Faithful Summarization of Consumer Health Queries: A Cross-Lingual Framework with LLMs
Ajwad Abrar, Nafisa Tabassum Oeshy, Prianka Maheru, Farzana Tabassum, Tareque Mohmud Chowdhury
TL;DR
CHQs are abundant and lengthy; faithful summarization is essential to avoid misrepresenting medical details. The authors propose a framework that combines TextRank-based extractive sentence selection, medical NER guidance, and fine-tuning of an LLM (LLaMA-2-7B with LoRA) to produce faithful summaries for English MeQSum and BanglaCHQ-Summ. The approach yields consistent gains over zero-shot and prior methods across quality and faithfulness metrics (ROUGE, BERTScore, Readability, SummaC, AlignScore), with human evaluation indicating about 82% faithfulness. This cross-lingual, faithfulness-aware framework supports safer deployment of LLMs in healthcare and informs multilingual CHQ summarization practices.
Abstract
Summarizing consumer health questions (CHQs) can ease communication in healthcare, but unfaithful summaries that misrepresent medical details pose serious risks.
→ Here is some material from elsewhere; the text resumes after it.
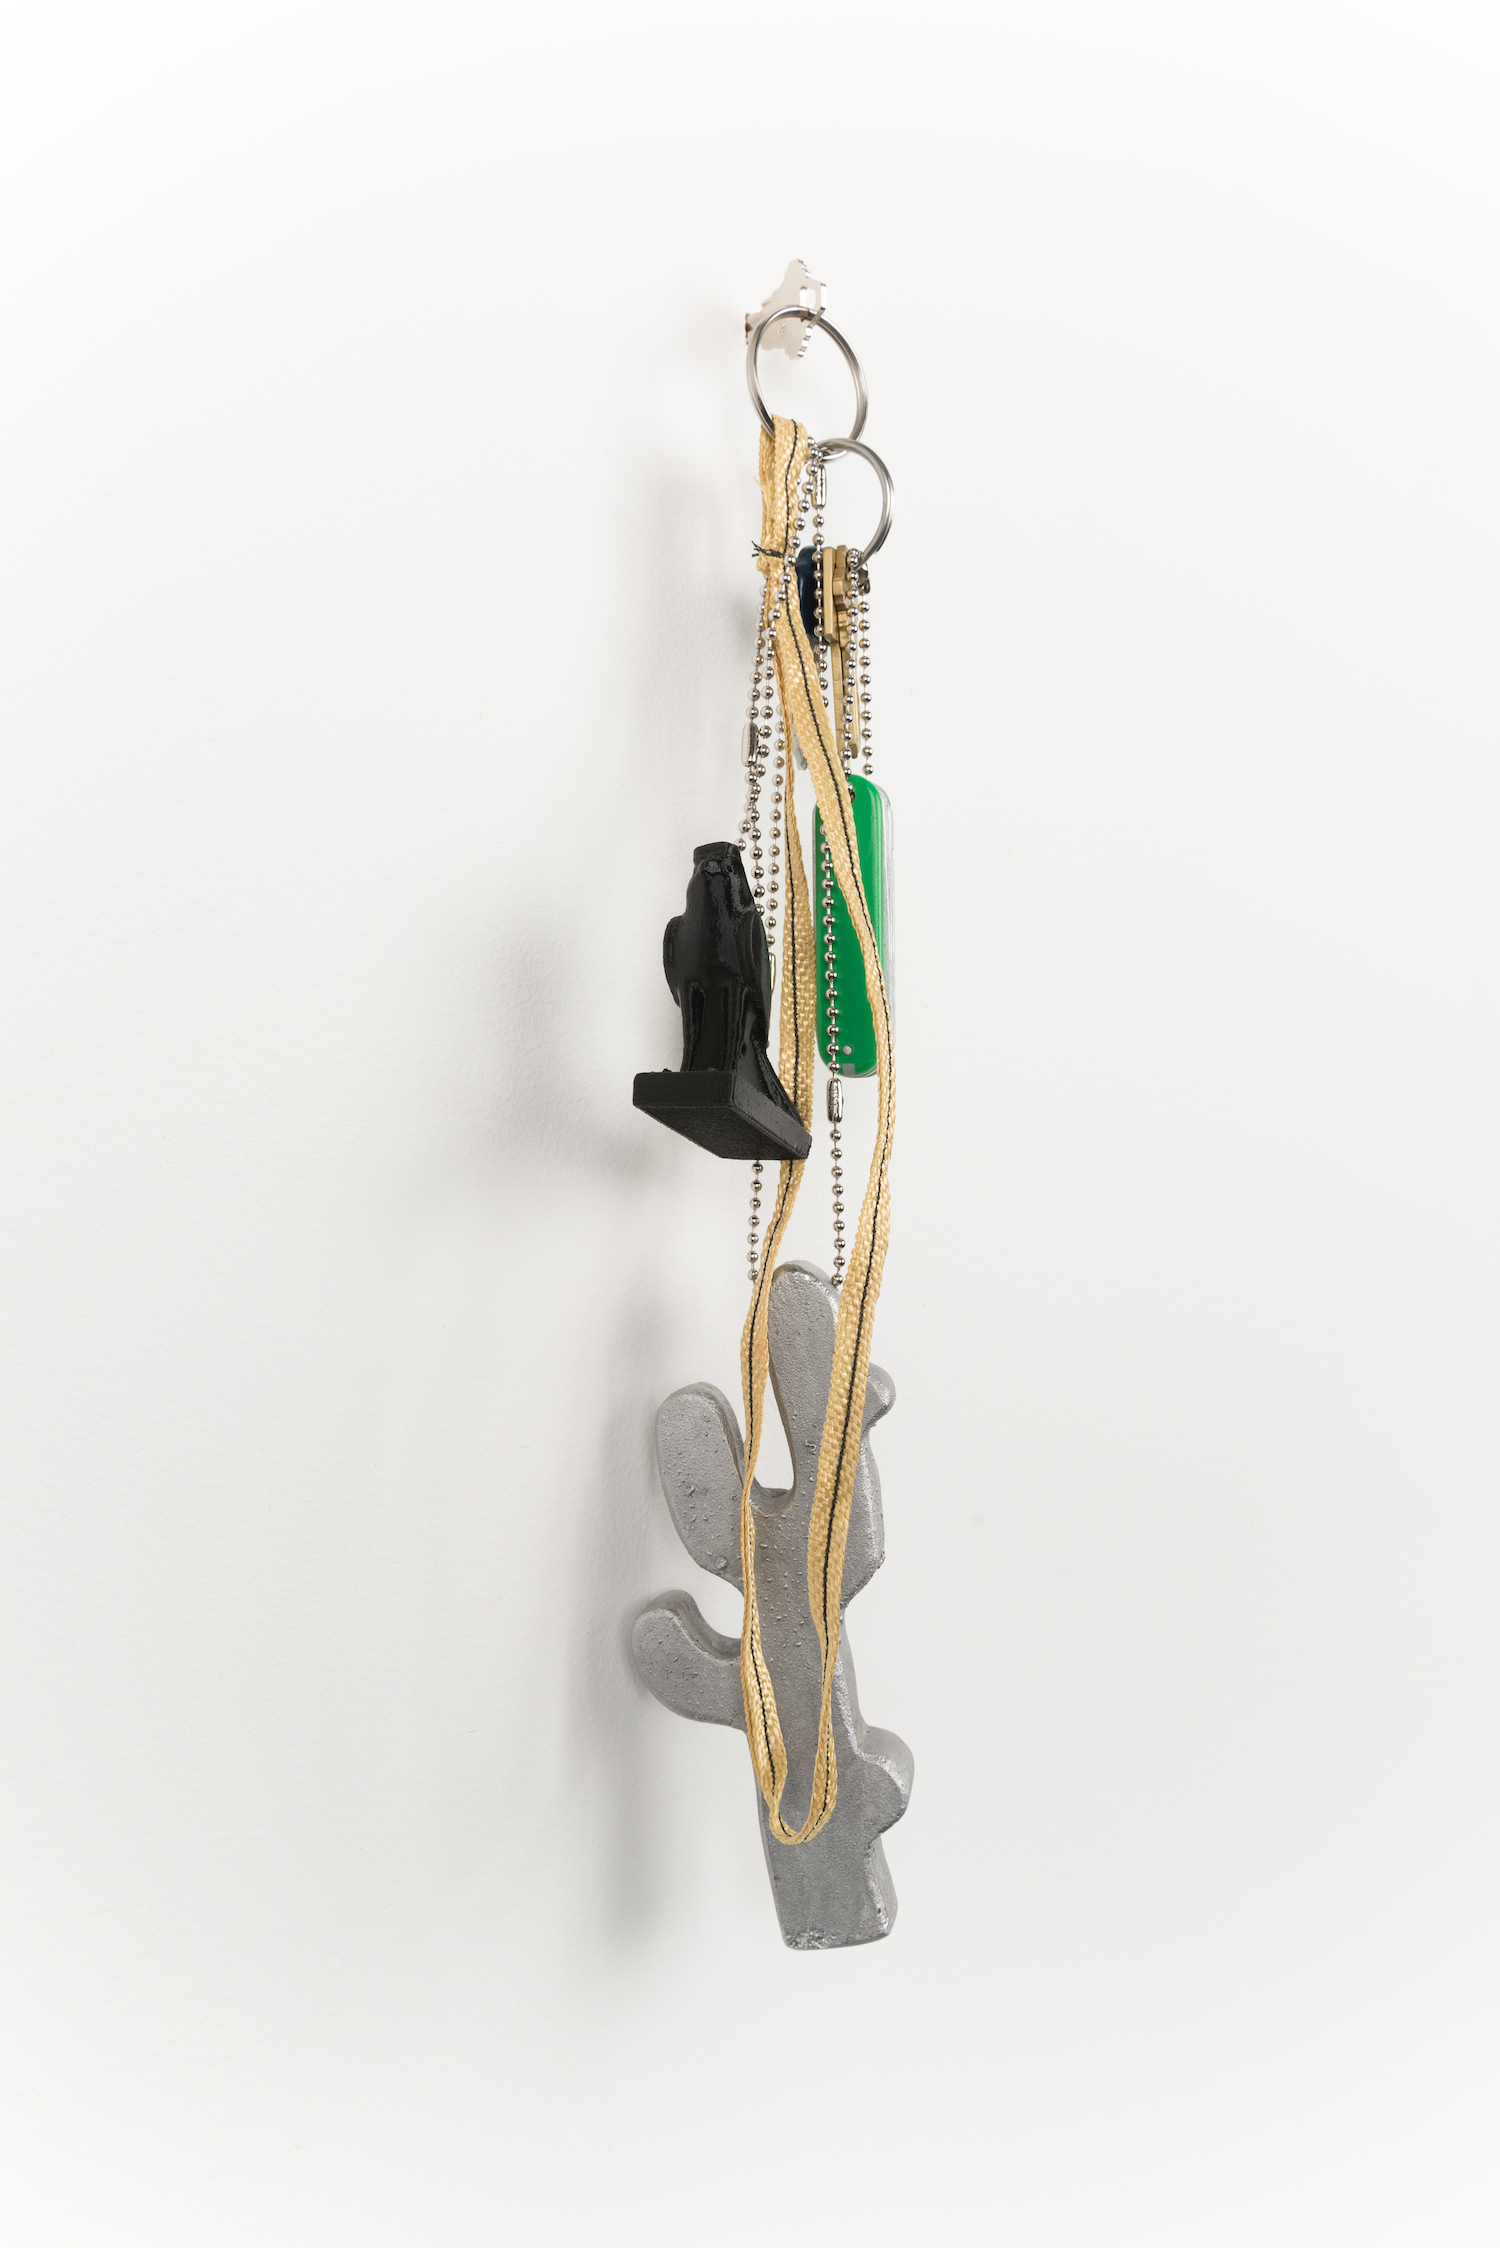 Chris Bradley  Token (Cactus)  2013 Cast aluminum, wood, PLA, Kevlar, key rings, chain 17h x 4w x 3d in CB054
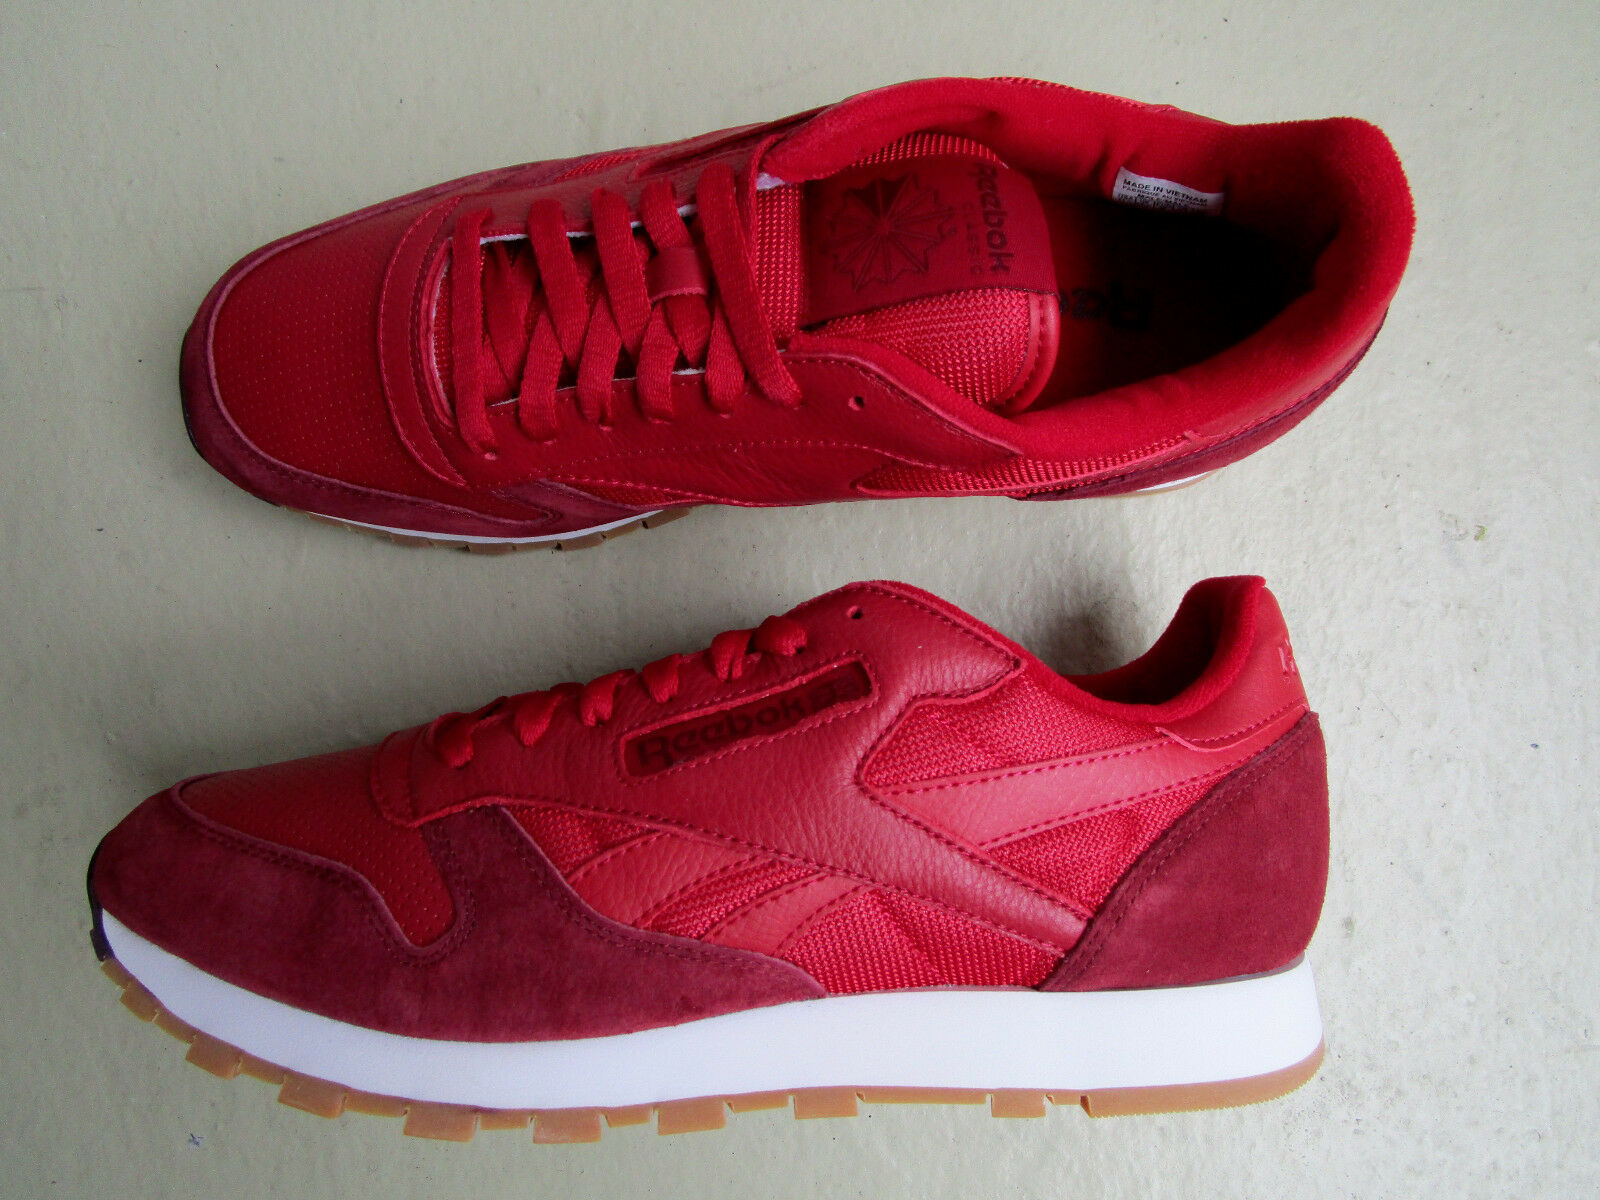 Kendrick Lamar X Reebok Classic Leather 45 Perfect Split Flash Red/Merlot White

We propose a framework that combines TextRank-based sentence extraction and medical named entity recognition with large language models (LLMs) to enhance faithfulness in medical text summarization. In our experiments, we fine-tuned the LLaMA-2-7B model on the MeQSum (English) and BanglaCHQ-Summ (Bangla) datasets, achieving consistent improvements across quality (ROUGE, BERTScore, readability) and faithfulness (SummaC, AlignScore) metrics, and outperforming zero-shot baselines and prior systems. Human evaluation further shows that over 80\% of generated summaries preserve critical medical information. These results highlight faithfulness as an essential dimension for reliable medical summarization and demonstrate the potential of our approach for safer deployment of LLMs in healthcare contexts.